There has never been a better point than now to stop and reevaluate what we’re doing and why and how we’re doing it, to take everything apart and challenge whether that equilibrium we had arrived at is really what is best.

“Teacher, which way should I go?”
“Where do you want to be?”
“Forward.”
“Then you should go forward.”
“Which way is forward?”
“The way that you go.”

I’m a patent attorney.

Recently, I found myself wondering if what I do for a living is good for the world. It’s an impossible question to answer unless you first have some notion of what is good for the world.

I also found myself, mid-pandemic, thinking of optimization—of re-optimizing my existence to meet the current situation, and find myself at a similar crossroads.
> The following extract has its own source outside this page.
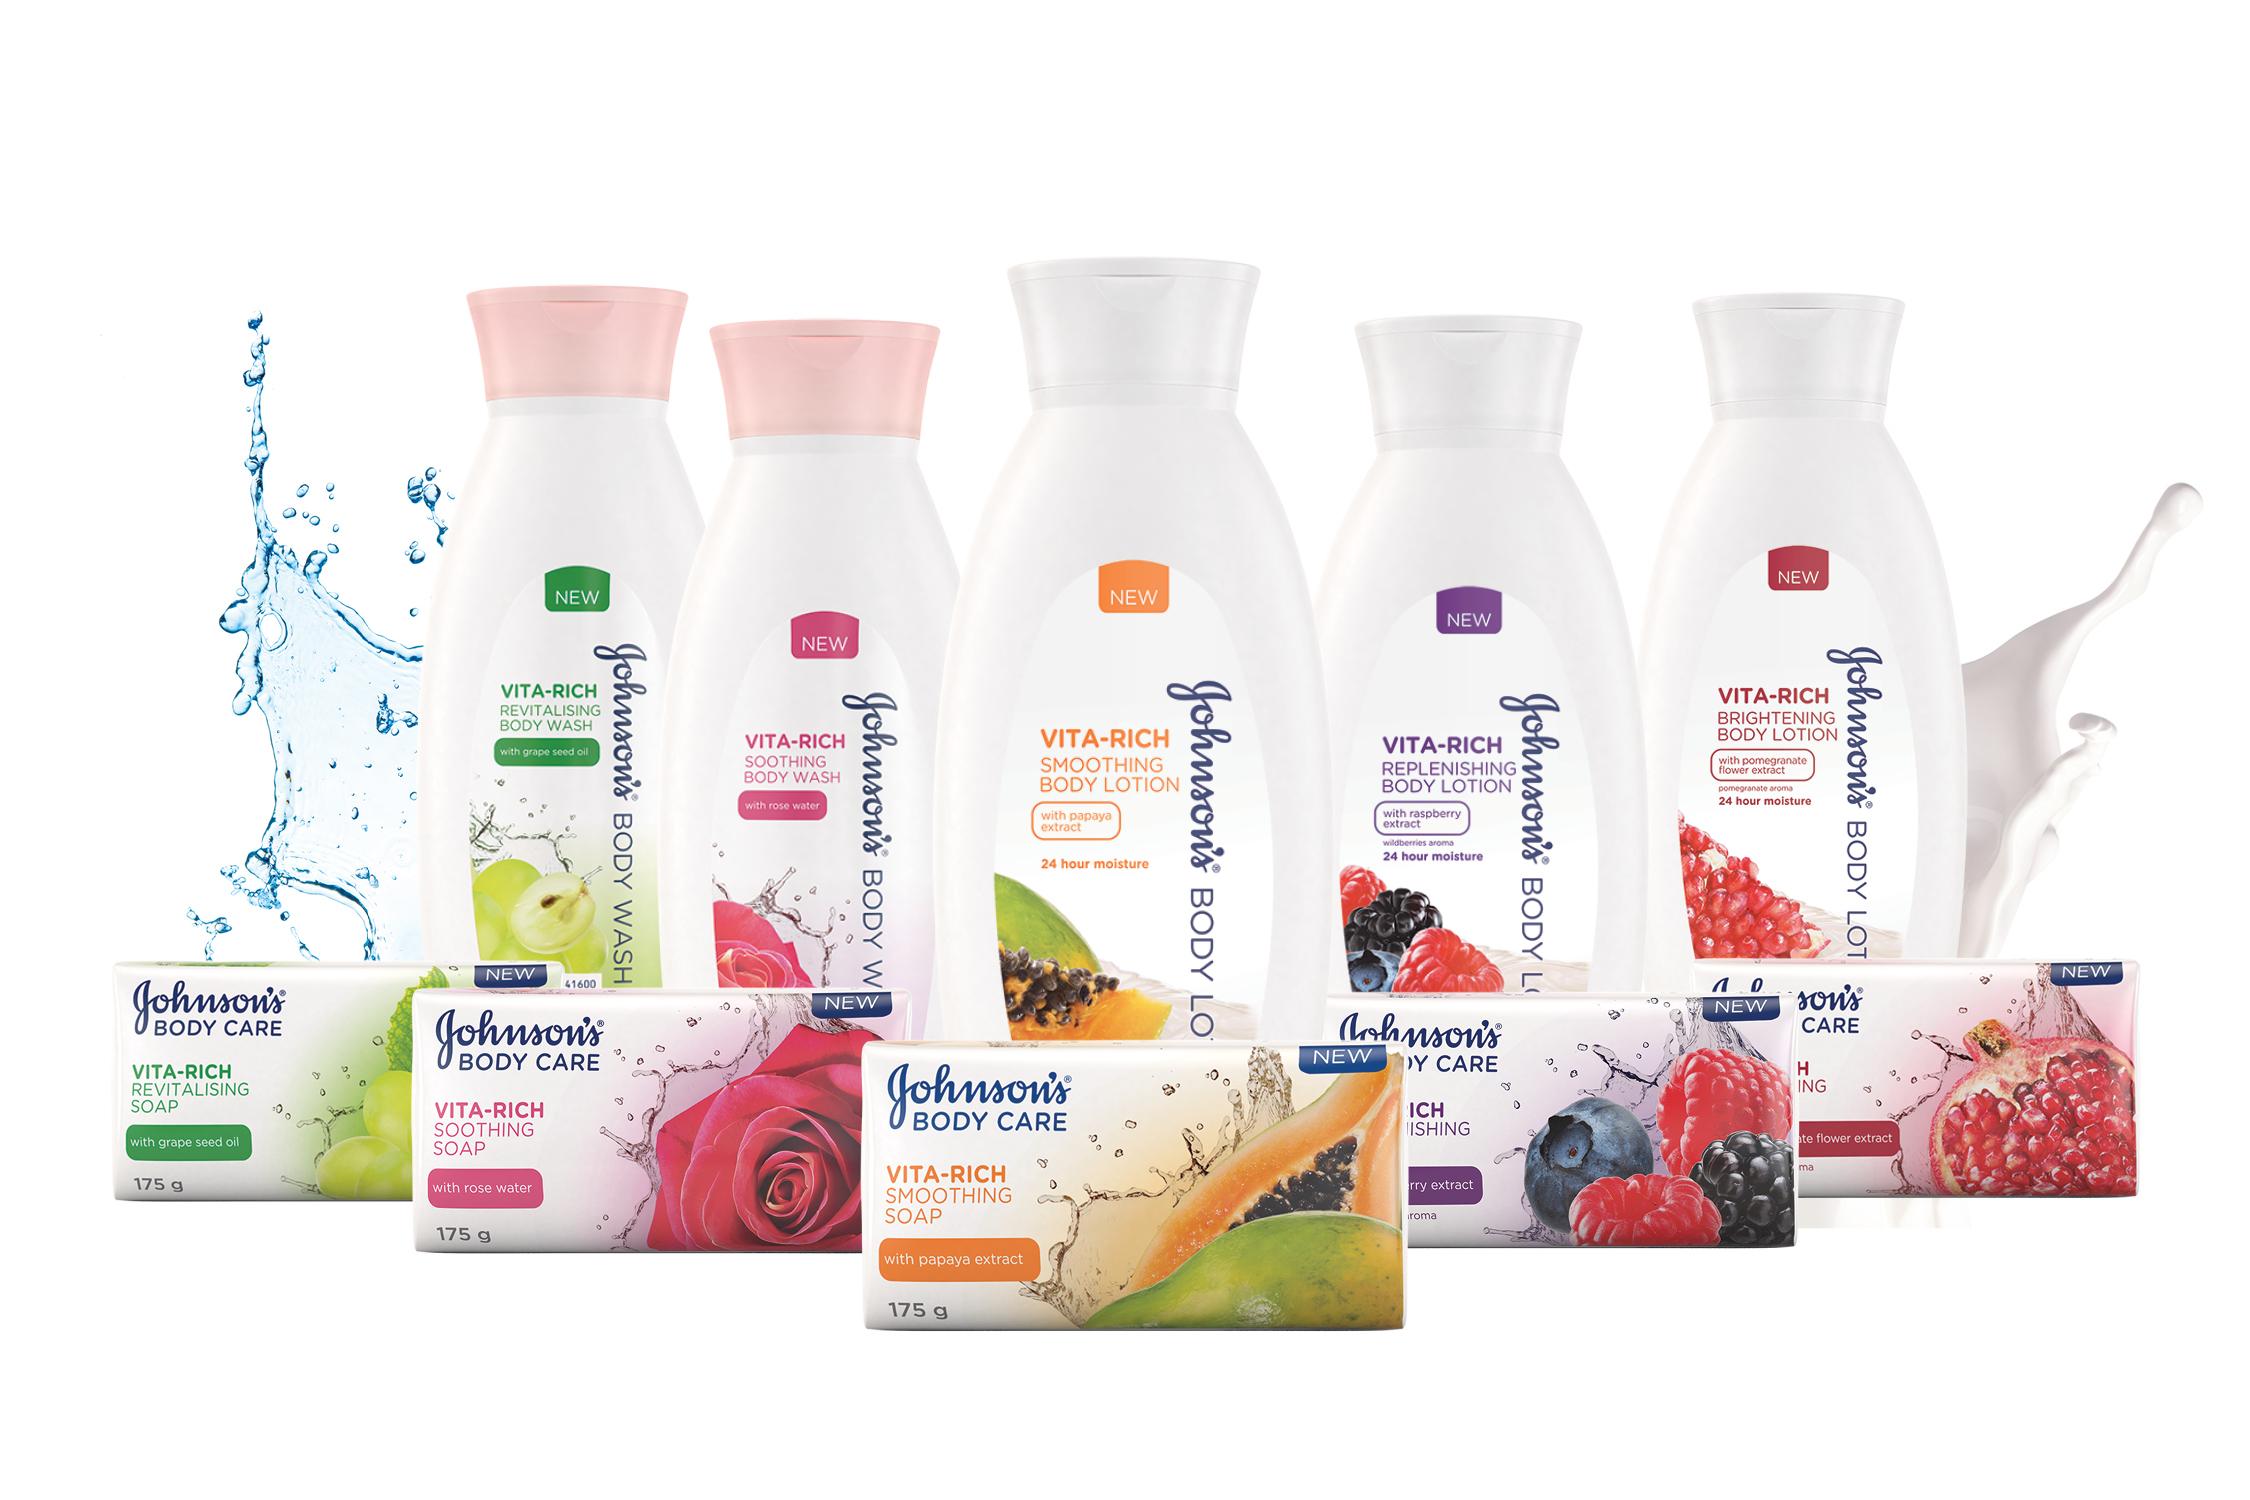 Johnson's body care product range

How can I optimize when I’m not confident in my perception of tomorrow? Then aside that uncertainty, I’m paralyzed at the thought of how easy it would be for me to optimize when others cannot. I can set my sails to take the wind, but how much should I take?

All optimization is optimizing for something. As we change, or as the world changes, that for changes too. There has never been a better point than now to stop and reevaluate what we’re doing and why and how we’re doing it, to take everything apart and challenge whether that equilibrium we had arrived at is really what is best.
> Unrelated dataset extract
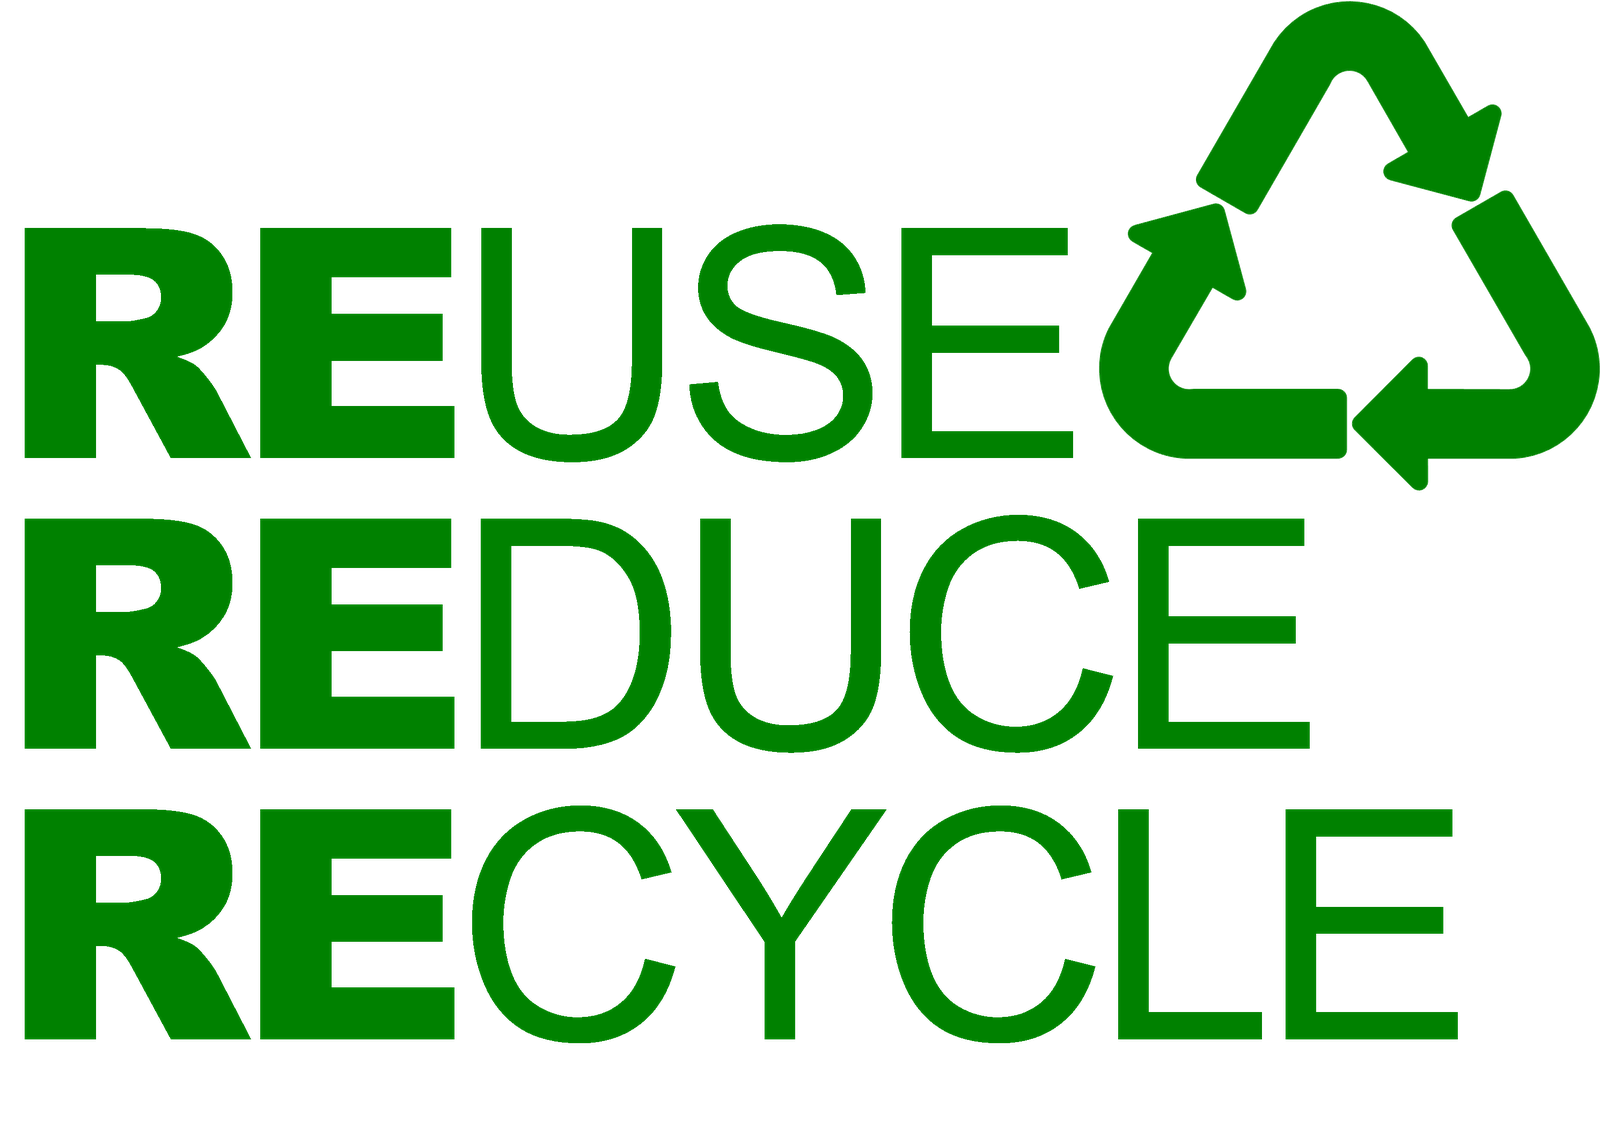 1600x1137 Reuse, Reduce, Recycle Railsaverpro New Packaging Reuse Recycle

Ralph Waldo Emerson said, “The purpose of life is not to be happy. It is to be useful, to be honorable, to be compassionate, to have it make some difference that you have lived and lived well.”

He also said, “I hate quotations. Tell me what you know.”

 

America became anti-patent in the 2000s. It hasn’t recovered. Looking back, the direction of the critics never truly aligned. They were just against. Nobody understood each other more than that.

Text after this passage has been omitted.